Ahistoricality, SHUT UP!
AWB, I wager you rarely sleep the night before you teach too? I typically don't---hence all the over-elaborate lesson plans. (I usually write them up after-the-fact. I'm always afraid I'll do something effective one quarter and just forget it, absolutely, by the next.) I've tried the game-playing, but I get too involved and want to take notes. "If I do X, I'll be able to anticipate Y next time because I'm an idiot who doesn't want sleep apparently.
Rich, I really like that idea---much more than Mike's suggestion that I get healthy and exercise (I walk three miles every day! That's exercise!) (Sort of!)---and will try that out. I have a stack of Bester I haven't read since my voice dropped.
Sisyphus, if I take two purring cats on put them on the bed, they'll curl into a ball for a few hours, then start bathing each other, then IT'S PLAYTIME BROTHER COME ON LET'S WRESTLE! (Not that I can avoid this situation, mind you.)
Posted by: Scott Eric Kaufman | Thursday, 26 February 2009 at 11:19 PM
Didn't see the last two comments:
Ahistoricality, I have a CD titled "Thunder and Lightning" that I slip in sometimes.

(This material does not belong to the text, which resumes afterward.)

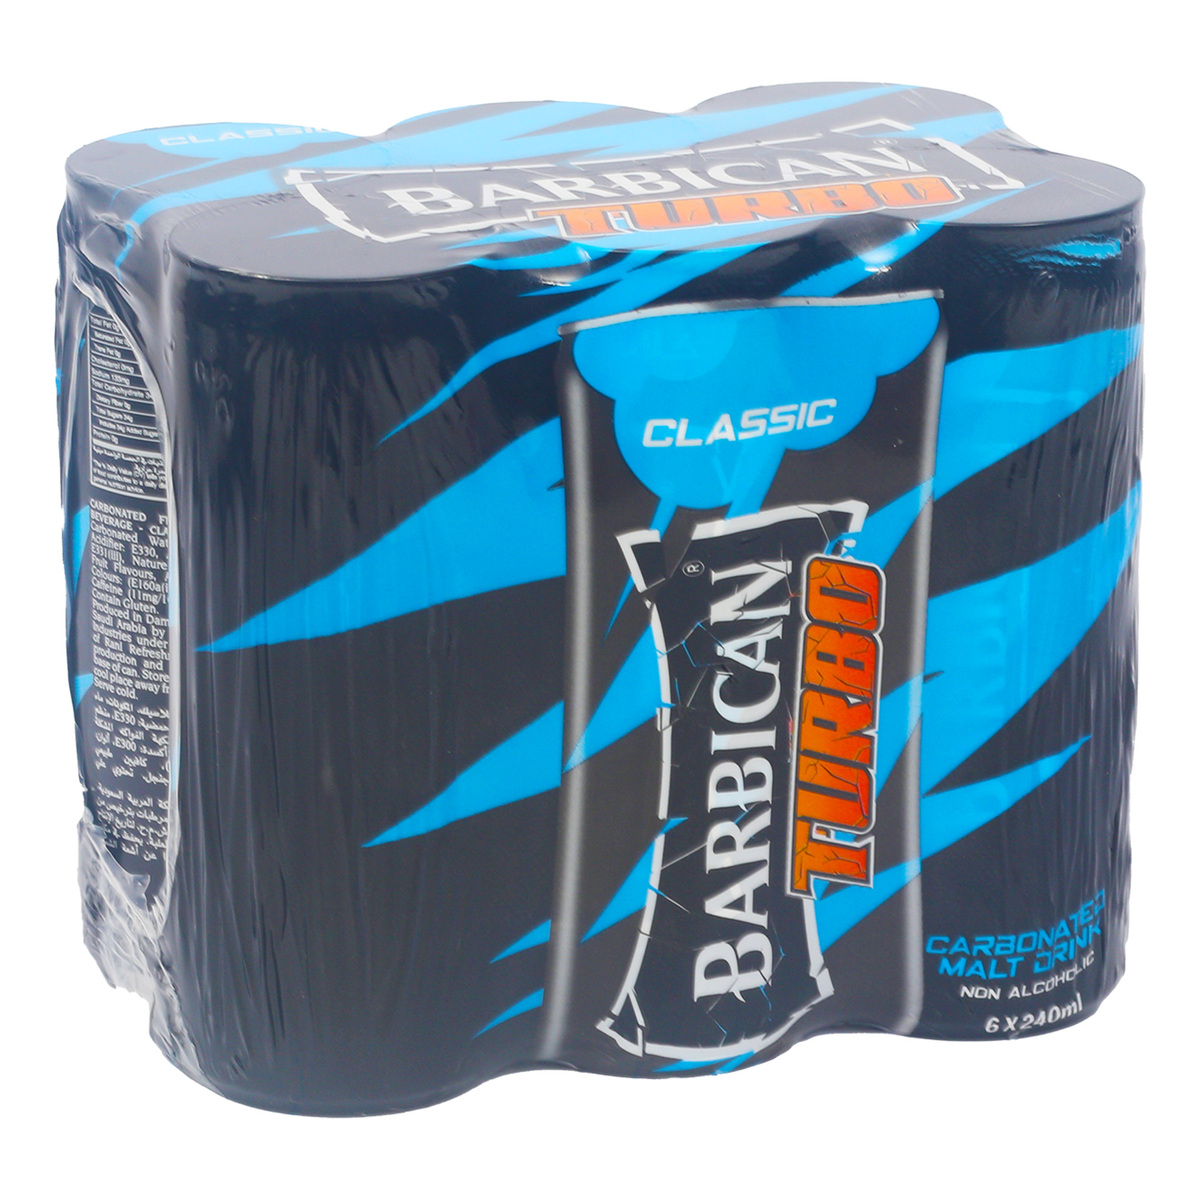 Barbican Turbo Classic Can 6 x 240 ml

Almost makes me think I'm still in a place with weather, so it sometimes does the trick.
read, if I did the north-south thing, first light would stream in my window every morning. (Combination of windows and married-side-of-the-bed orientation.) I've tried cutting back on caffeine---I don't drink a lick after 2 p.m., but it's not the caffeine that keeps me up. I can be tired and stupid unto death and still not be able to sleep because I'm mulling over the relative merits of different puddings. It's a curse, I tell you.
Posted by: Scott Eric Kaufman | Thursday, 26 February 2009 at 11:23 PM
"which included several sleep channels including train noises, philosophy lecture, nature sounds, [...]"
I wonder whether they picked out a specially boring philosophy lecturer? Perhaps, this being Japan, they have competitions. The winner does that reserved-yet-proud thing and gets their lecture preserved in order to bore to sleep generations to come.
Scott, it's important that the book you choose be one that isn't quite actively annoying -- it should be something that, on balance, you'd enjoy reading in a sort of mindless way -- but it shouldn't be anything that you could actually, for instance, write a post about. What you're going for is vaguely pleasant boredom, where the words have become so familiar that you find yourself dropping off rather than having to read them again.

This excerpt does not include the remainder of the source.